NY students march against the war

New York--2,000 New York University and New York City public and parochial school students, community activists and residents of Greenwich Village marched through the streets of Manhattan on Nov. 20 against the looming U.S.-led war against Iraq.

The march was planned by NYU students as an outgrowth of a student walkout to protest the war. At about 12:30 p.m., students began assembling in front of the shining, multi-million dollar Stern Business School Building at W. 4th and Mercer Streets on NYU’s campus in Greenwich Village. By about 1 p.m. a large crowd of several hundred excited students had gathered. Soon after students spontaneously took to the street and started marching up University Place towards Union Square. The protest became a kind of moving street carnival with many people on sidewalks giving the peace sign in support of the anti-war message.

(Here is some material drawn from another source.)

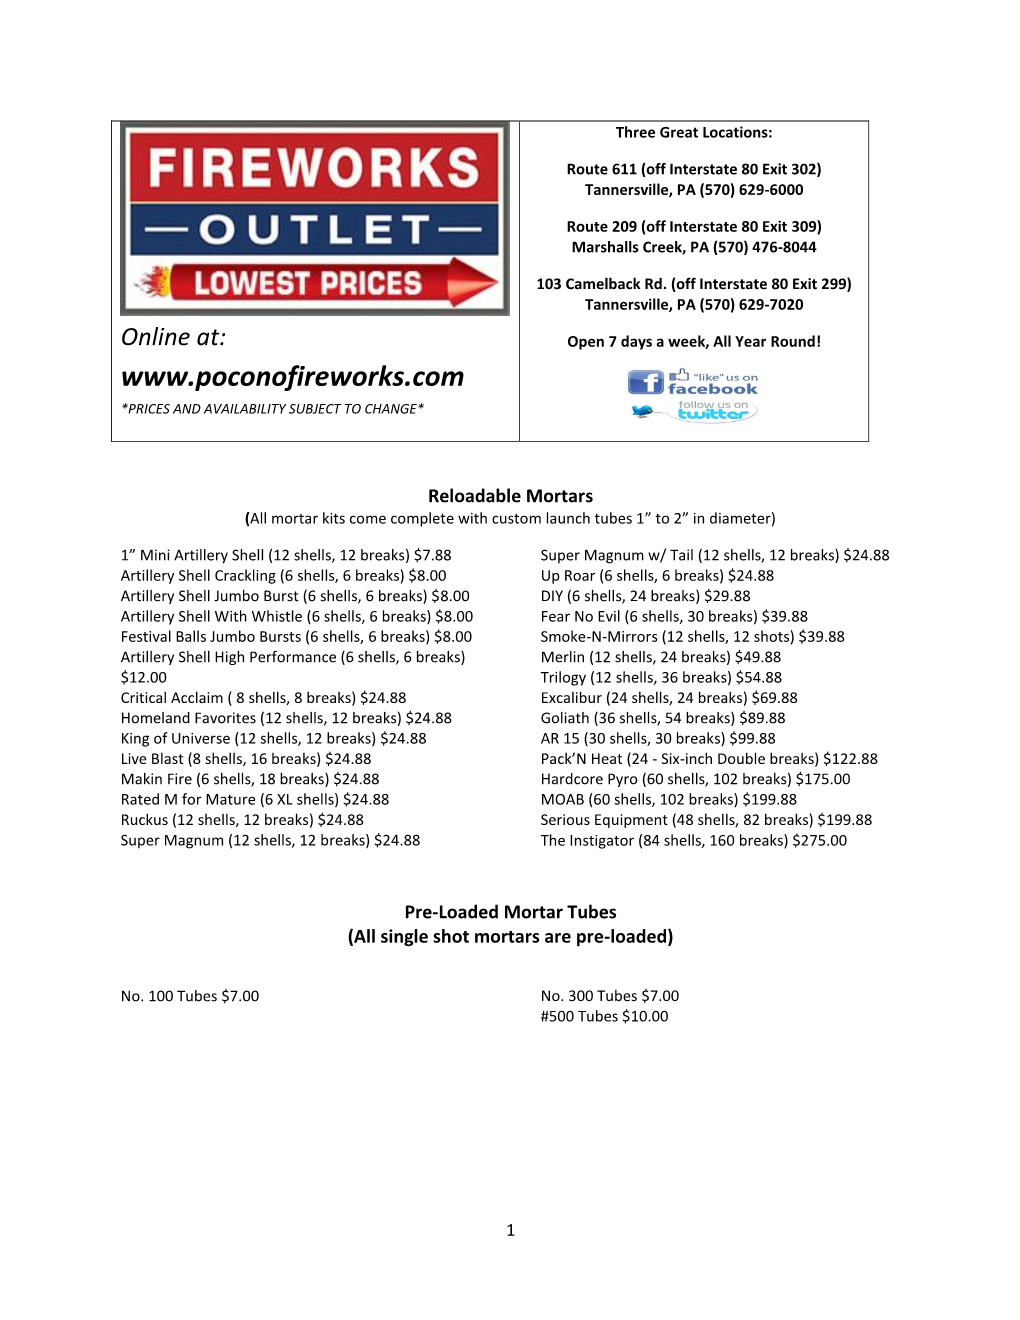 Fireworks Outlet Catalog 2020

At Union Square, a hub of New York City radical activity throughout much of the last century, the march seemed to sputter. Police, who had been conspicuously absent up to that point, began arriving in droves. They ordered people out of the major intersection. Marchers, however, regained their momentum, and began heading back towards NYU via Broadway. Initially police had kept the marchers on the sidewalks. But within minutes, students spontaneously spilled into the streets, some locking arms as they walked jubilantly down New York’s most famous street on this warm, late-fall day. Protesters then marched into Washington Square park, where anti-war organizers had set up a stage for a speaking program.

Without question, the demonstration injected anti-war militancy into the NYU student body and the neighboring community. Several hundred high school and even middle school students as well as downtown residents joined in as the demonstration moved through the Village.

A twenty something African-American graduate student noted, "It was good to see so many people out, especially people of color." One young Black woman asserted, "I didn’t feel as alienated as I have at some anti-globalization events." Perhaps Ramon Alejandro Suarez, a NYU history graduate student, put it best: "The march brought together diverse elements of the student body against the unjust foreign policy of our current administration."